E como referi na Mensagem de Ano
Novo, continuo a repetir: é proibido desistir![3] Daí que, neste dia em celebro as
minhas bodas de prata episcopais, renove três pontos vitais na pastoral: a
caridade, a nova-evangelização e a unidade.
2. Um método
S. Paulo na segunda leitura
apresenta-nos o método: a alavanca da caridade. Dizem os dicionários que a
alavanca é um objecto que oferece a capacidade de mover grandes cargas com
pequenas forças. Com o evento do Átrio dos Gentios, no diálogo com os
não-crentes (gentios), confirmamos que a nossa fé até pode transportar
montanhas, mas se não estiver alicerçada na caridade, ela desemboca: ou num
ateísmo secular ou num fundamentalismo religioso.[4]
Por isso, a alavanca da caridade
assume-se como o método mais seguro e viável para fazer erguer a Igreja, qual
nova Jerusalém, graças às inúmeras, pequenas e diversificadas forças
pentecostais que geram a comunhão na pluralidade: entre sacerdotes e leigos e
entre movimentos e estruturas eclesiais ou civis, como sustém n.º 32 da Lumen
Gentium.
3. Um desafio
“Mudam-se os tempos, mudam-se as
vontades”, diz-nos um célebre poeta lusitano. E os novos tempos exigem-nos uma
nova vontade, um novo ardor, uma pastoral repensada e uma nova-evangelização. E
porquê? Porque “as alegrias e as esperanças, as tristezas e as angústias dos
homens de hoje, (…) são também as alegrias e as esperanças, as tristezas e as
angústias dos discípulos de Cristo.”[5]
À margem das discussões conceptuais,
o Presidente do Pontifício Conselho para a Promoção da “Nova Evangelização”,
Card. Rino Fisichella, define-a como “um meio através do qual o Evangelho de
sempre é agora anunciado com novo entusiasmo, novas linguagens compreensíveis
numa condição cultural diferente e novas metodologias capazes de transmitir o
seu sentido profundo que permanece inalterado.”[6]
A liturgia, a caridade, o
ecumenismo, a imigração, a catequese de adultos, a cultura e a comunicação
social apresentam-se agora como lugares primordiais para esta nova-evangelização.
Por coincidência, a partir de hoje inaugura-se o serviço de transmissão diária
da eucaristia via internet no site da arquidiocese, para que as pessoas de
mobilidade reduzida não estejam inibidas de participar virtualmente nas
celebrações da sua orgulhosa Sé Catedral.
Na verdade, e no dizer do Beato João
Paulo II, queremos uma Igreja que esteja no mundo, que desfrute das coisas boas
do mundo, mas que não seja mundana!
4. Uma condição
No meio destes desafios, creio
que há uma condição imprescindível: “uma sinfonia (sintonia) pastoral, que
execute na realidade a bela harmonia das três notas do Deus Uni-Trino”[7], ou seja, a unidade.
A longa oração de Jesus no evangelho
de hoje, como síntese da sua missão sacerdotal, assim o confirma: “para que
todos sejam um”. A unidade não significa uniformidade ou unicidade, pelo
contrário, é a arte do diálogo na diferença.
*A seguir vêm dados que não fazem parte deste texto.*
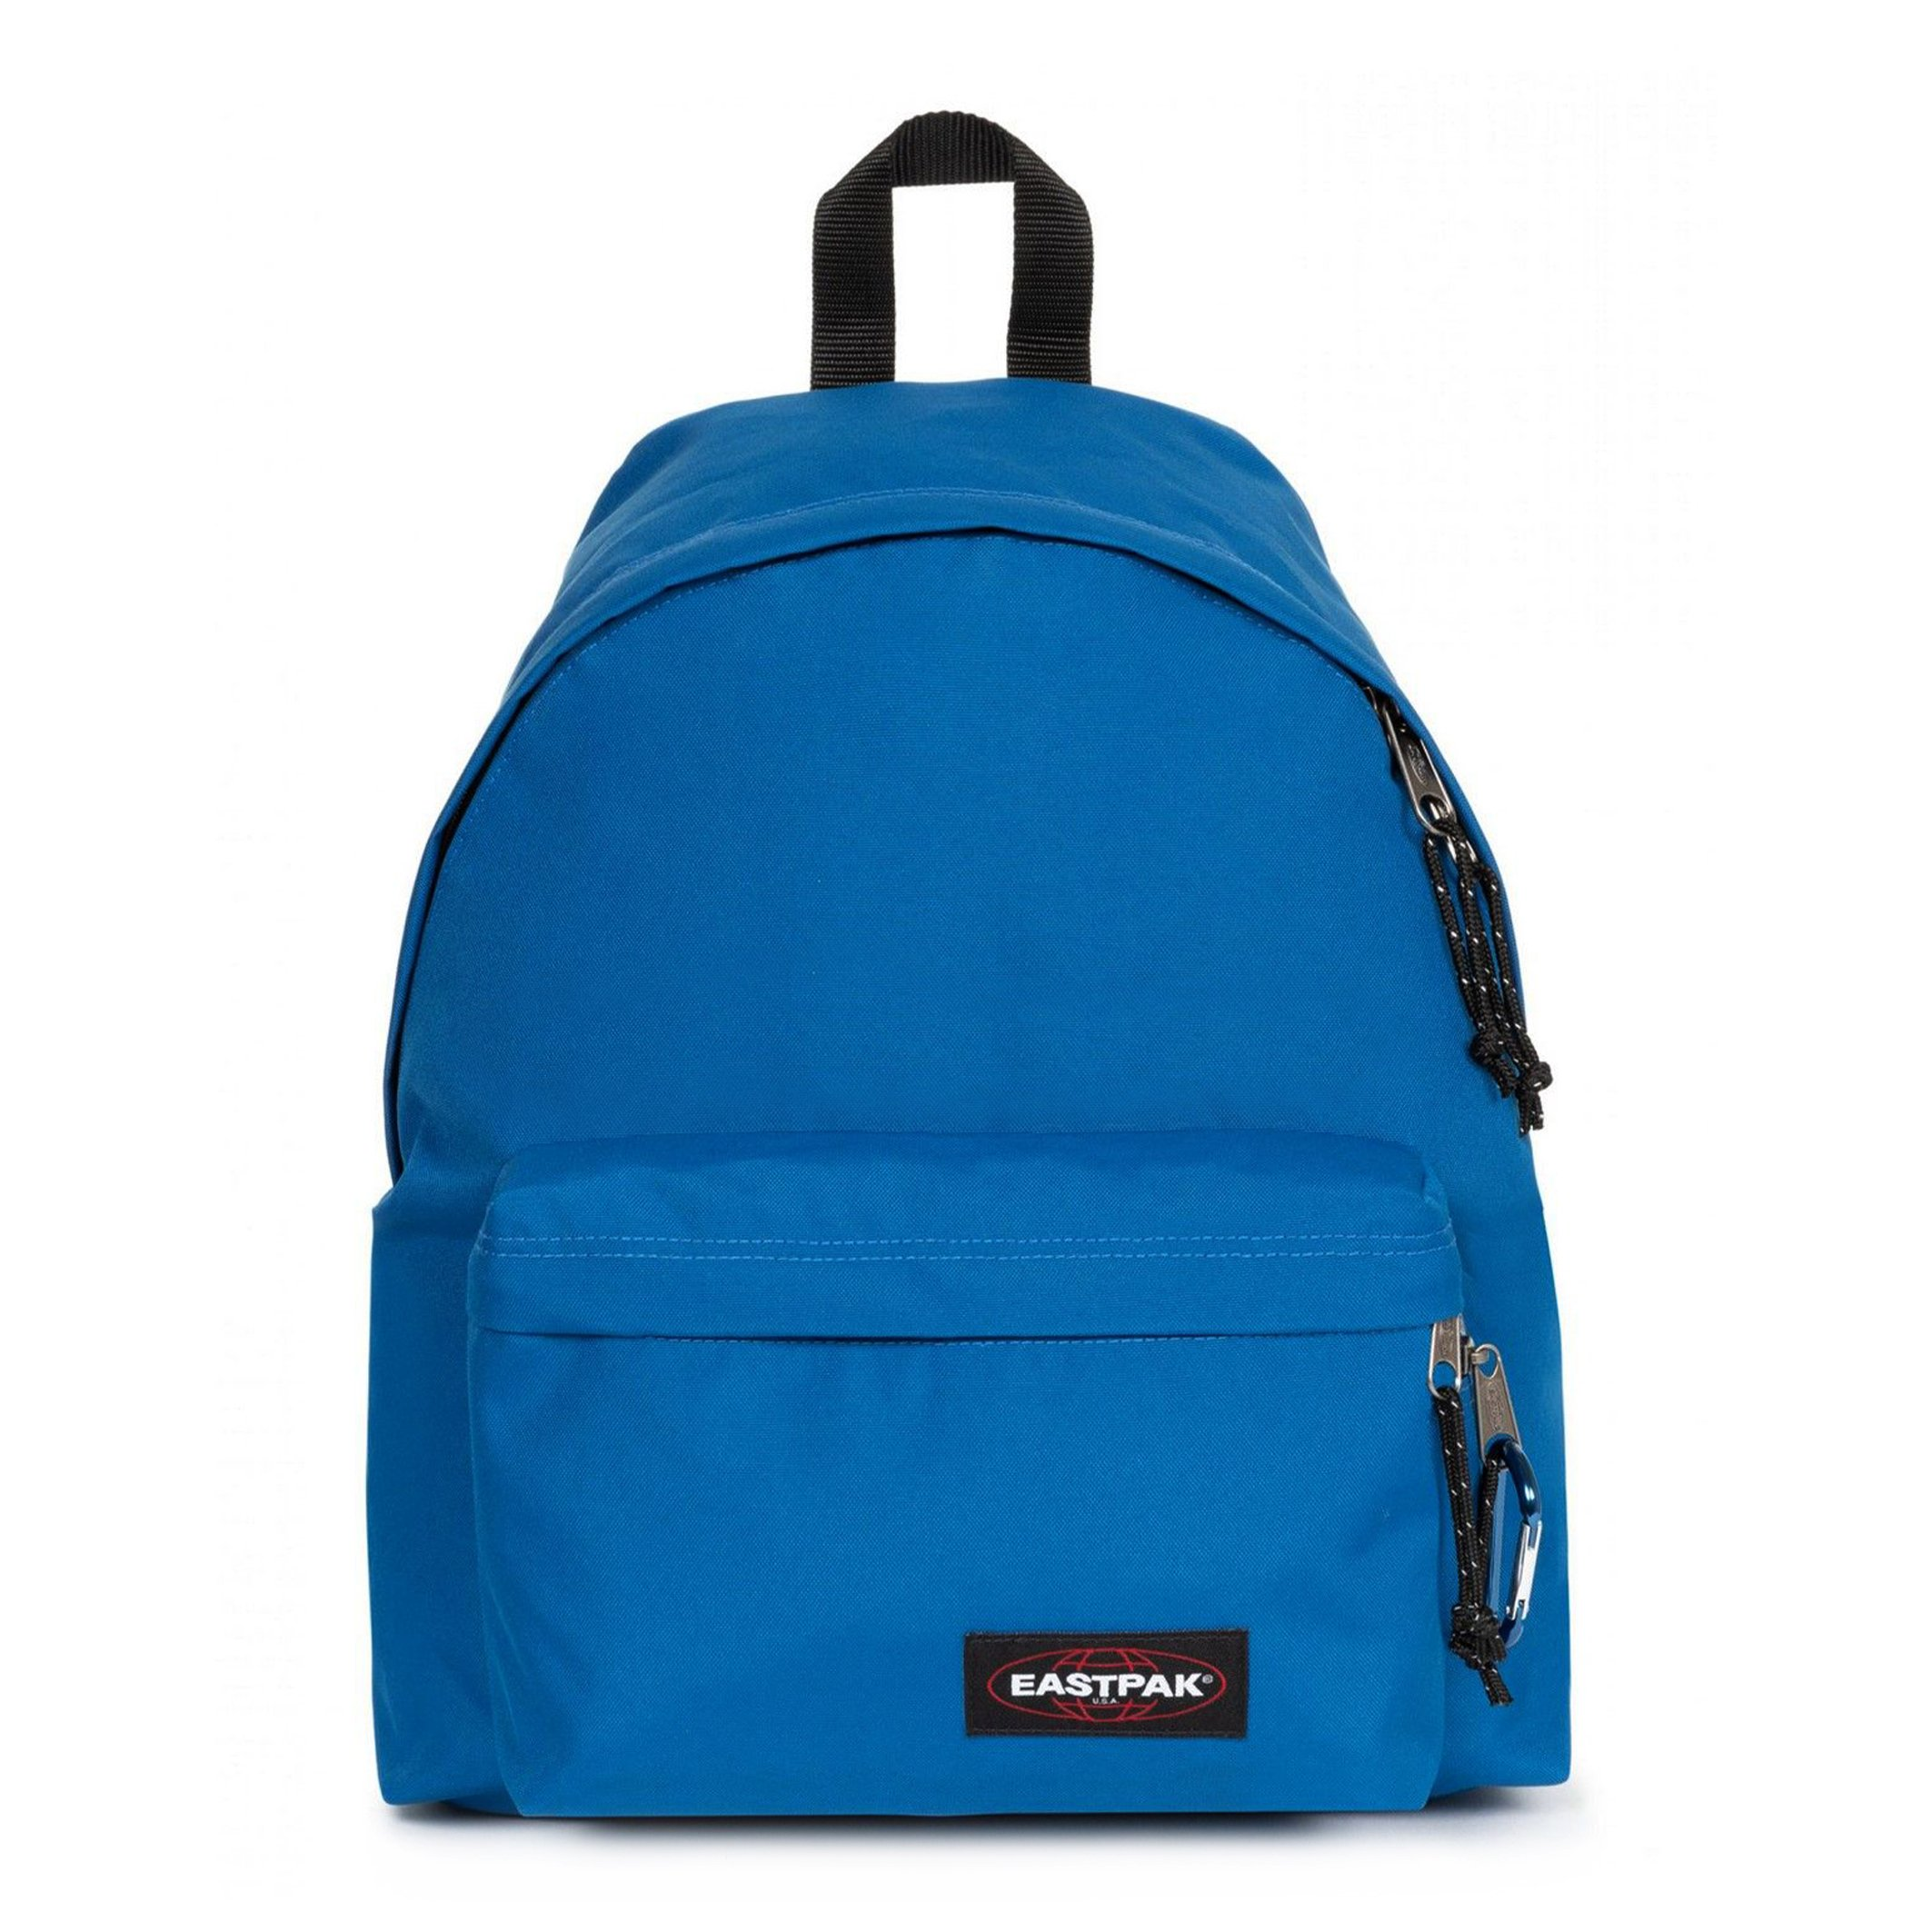 Eastpak Unisex Backpack Various Colours EK000620_008 - blue-1 NOSIZE

E se Jesus era um só com Deus-Pai,
a unidade acaba por ser “o modelo da acção na e pela Igreja”[8].
Como sabem, foi com este intuito
que, há 25 anos atrás, escolhi como lema episcopal esta passagem evangélica e
me deixei interpelar pela simbologia da romã.
Uma unidade que se traduz numa
“unidade geracional com a tradição secular que nos precede, numa unidade
espiritual com Cristo, sacerdote eterno, numa unidade pastoral com a Igreja
Universal, numa unidade cultural com o mundo que nos circunda, numa unidade
fraternal com os leigos, numa unidade integral connosco próprios e, acima de
tudo, numa unidade sacerdotal com os membros do presbitério.”[9]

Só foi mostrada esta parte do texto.